Updated April 23, 2025 Reviewed by Monica Vilhauer Ph.D.
Key points
- The brain is like a muscle; it thrives when we challenge it, and it has limits we need to respect.
- Great thinking requires metabolic effort: Your brain accumulates "residue" like overworked muscles.
- Cognitive growth demands progressive challenges. Without new terrain, the brain stagnates.
- True mastery comes from balancing productive strain with recovery.
Whoever first said the brain is like a muscle was closer to the truth than they probably knew.
Spend an hour wrestling with a crossword puzzle, tackling a Sudoku grid, or calculating the area under a parabola, and you’ll feel it firsthand: Your brain is not an inexhaustible source of great thoughts and peak performance.
The brain has its limits.
One of the greatest pursuits a curious person can undertake is learning how to push those limits farther, without breaking them.
Those who’ve tried may have found that good thinking—the insightful, heavy-lifting kind—is not just hard. It can bring about sensations startlingly close to physical fatigue, even pain.
This is where the brain-as-muscle analogy comes together.
In 2022, Mathias Pessiglione and colleagues at the Paris Brain Institute published research showing that intense cognitive work doesn't simply "tire" the brain in some vague way; it physically alters the chemical environment inside it.
Their study, published in Current Biology, found that after several hours of hard mental work, participants had increased levels of glutamate (an excitatory neurotransmitter) building up in the lateral prefrontal cortex, which is the brain region responsible for higher-order thinking.

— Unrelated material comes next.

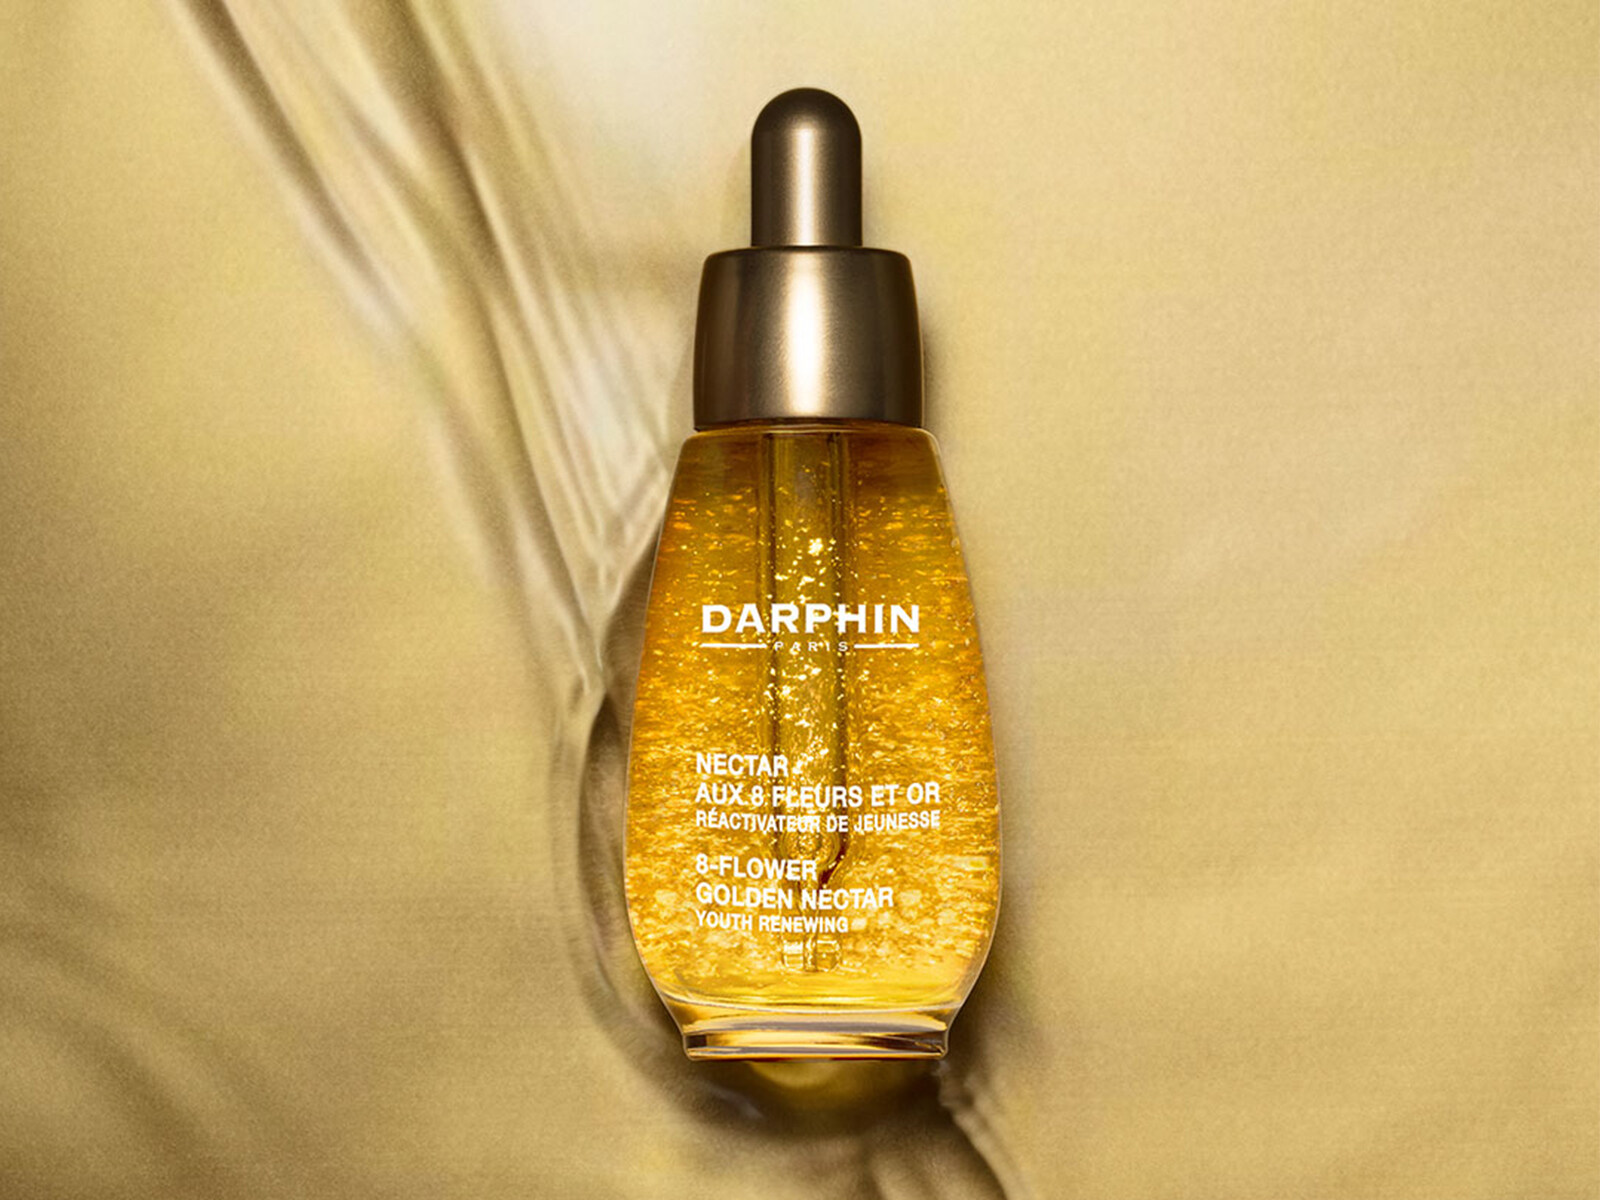 Darphin八花金箔極緻修護精華油首次加入24K金箔，帶來全新奢華護膚體驗。

Glutamate is essential for neural communication, but too much of it can be toxic to neurons. In effect, sustained mental effort generates a kind of "metabolic residue," not unlike the lactic acid that accumulates in overworked muscles.
The brain, sensing this, sends fatigue signals to encourage you to stop before damage sets in.
Anyone who’s ever tried to work through a dense thesis at the library, or who’s had the pleasure of meeting a PhD student mid-dissertation, knows the look of this particular form of cognitive exhaustion and the havoc it can wreak all too well.
The analogy also teaches us something hopeful: Just like muscles, our brains can be trained to handle increasingly heavy lifting.
The first lesson follows intuitively. To improve cognitive performance, you need to apply progressive challenge, just like with muscles.
Lifting the same weight over and over won’t build your triceps. And thinking about the same ideas, solving the same easy problems, or rereading familiar information won’t grow your mind either.
Good thinking requires a constant gradient of challenge, new problems to solve, new concepts to wrestle with, and new patterns to map out.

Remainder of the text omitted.